The price of oil fell by almost half in just six months, strange and steep plunge that has applause consumers, manufacturers howling and economists wringing his hands about what is good or bad.
Price of a barrel of oil just under $ 56, compared to $ 107 maximum in summer and lower than at any time since the US is still in recession in the spring of 2009.
So what happens? Global imbalances of supply and demand that ripples through the global economy, for better and worse.
MATERIALS GO BOOM
Years of high oil prices, recession interrupted inspired drillers around the world to search the crust for more oil.
They found it.
Since 2008, oil companies in the US, for example, increased production by 70 percent, or 3.5 million barrels of oil per day. To put this in perspective, one by one, that the increase is more than the production of any member of OPEC, except for Saudi Arabia.
As our production increases, unrest in the Middle East and North Africa has reduced supplies from Libya, Iran and other countries. Balance has been achieved: Increased supply from outside OPEC and the restoration of Iraq's oil industry allowed to meet the growing demand worldwide as other materials OPEC waivered.

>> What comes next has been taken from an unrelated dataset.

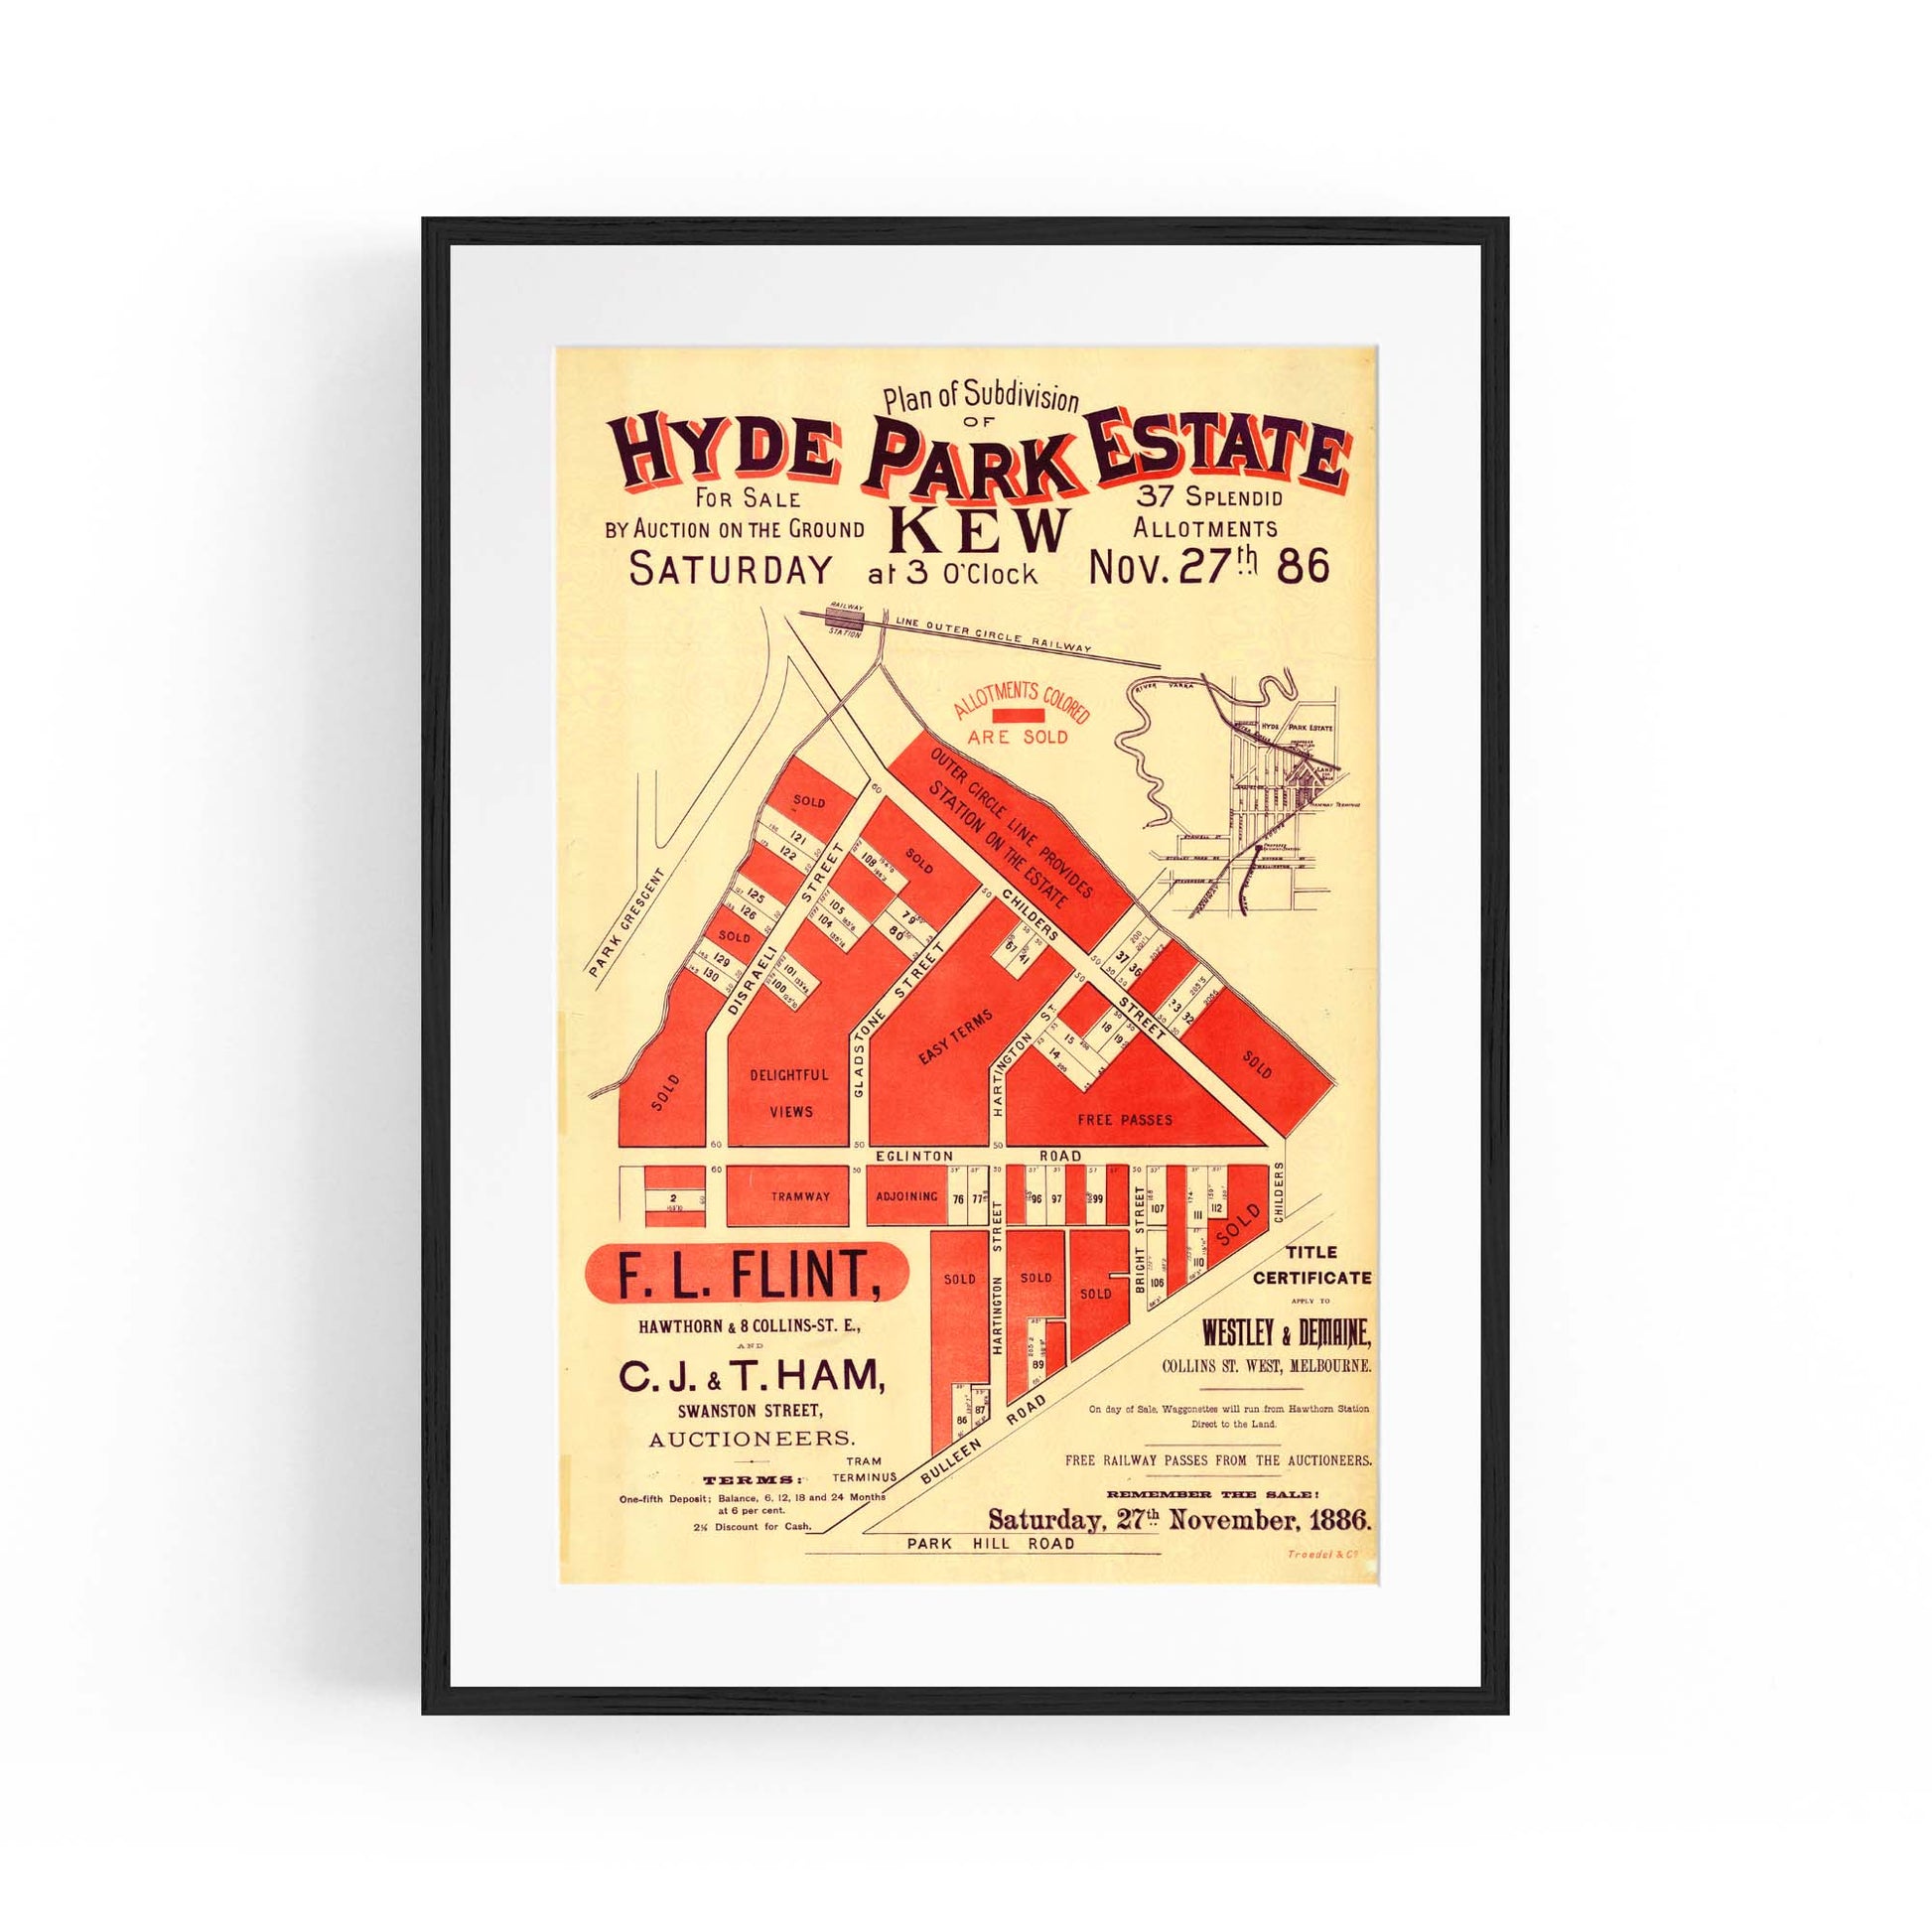 Kew Melbourne Vintage Real Estate Advert Wall Art #2 - The Affordable Art Company
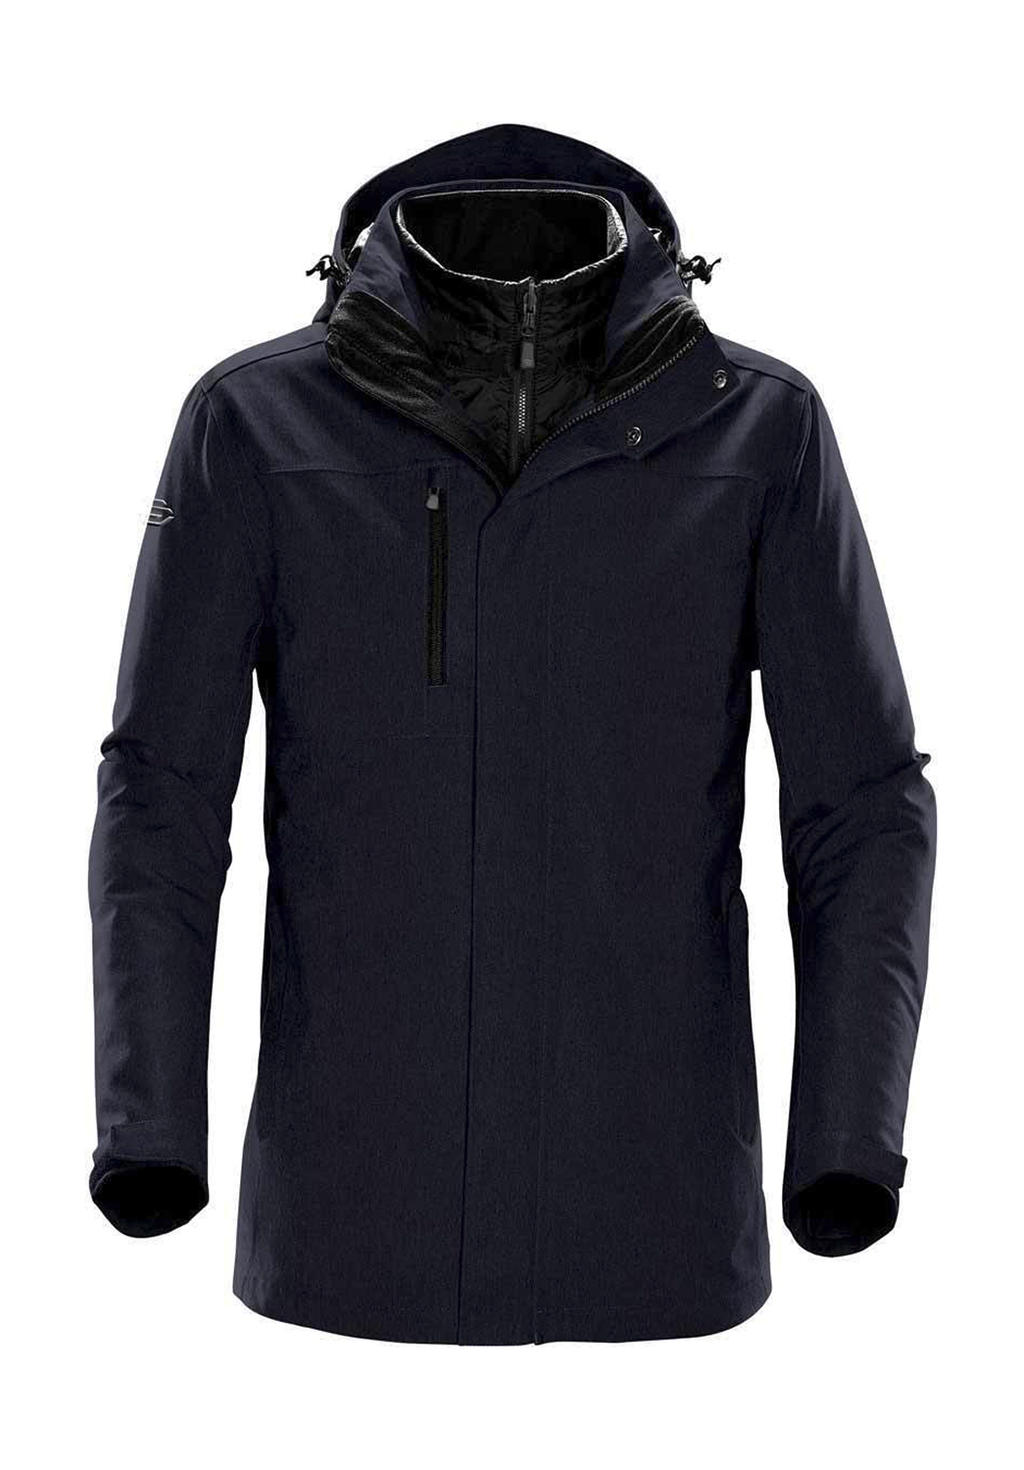  Mens Avalanche System Jacket in Farbe Navy Twill

But now these supplies OPEC looks more confident despite the ongoing tumult, and these materials are not included in OPEC have flooded the market. OPEC estimated last week that the world would need 28900000 barrels of oil a day next year, the lowest in more than a decade. At the same time, OPEC plans to produce 30 million barrels of oil a day next year. This excess of supply over demand sends world prices lower.
DEMAND bankrupt
Global demand will continue to grow next year, but much less than many thought earlier this year. The economy of China, Japan and Western Europe - the main consumers of oil after the United States - all seem to be waning. Oil demand falls when growth stops.
US is still the world's largest consumer, but more economical cars and demographic changes mean demand for oil and gasoline increases. Department of Energy predicts a slight decrease in demand for gasoline in the coming year, although the price is expected to sharply reduced and the economy grow.
Happy Consumers
For drivers, carriers, airlines and other fuel consumers, there is nothing not to like about the decline in oil prices.
The national average price of gasoline has fallen to 81 consecutive days to $ 2.55 per gallon, the lowest level since October 2009, according to AAA. That's $ 1.15 per gallon cheaper than its high for the year, saving American families $ 100 a month as they shop for holiday gifts. "Every time gas prices go down, it's a good thing," said Randy Daniels, 30, who was recently shopping at Lenox Square Mall in Atlanta. "Additional 20 or 30 bucks in your pocket goes away."
Diesel and jet fuel prices also fell, helping to increase profits and share prices of airlines and shippers. Heating oil is the cheapest it has been for four years, lower housing prices just in time for heating for winter in many humid northeast.
Worried economists
The fall in fuel prices act as a tax cut and will boost consumer spending, which in turn is 70 percent of the US economy. But economists are growing concerned that there are other, more troublesome force in the game.
Depth of oil could be a signal that the global economy is struggling even more than economists think. The weak global economy could harm the US economy by reducing exports and employment costs, which together may outweigh the economic benefits of cheaper fuel.
Pain manufacturers
For oil companies, oil producing countries and oil-exporting countries, the collapse of oil prices is painful.
Oil companies usually keep producing oil from wells they have drilled, but lower prices sharply lower revenue and force them to cut costs on new projects for exploration. BP announced last week he would try to trim $ 1 billion in spending next year on the move, which analysts could lead to thousands of job losses.
States that rely on taxes from energy production, such as Alaska, North Dakota, Oklahoma and Texas will see lower income and some of them have already been cut budgets.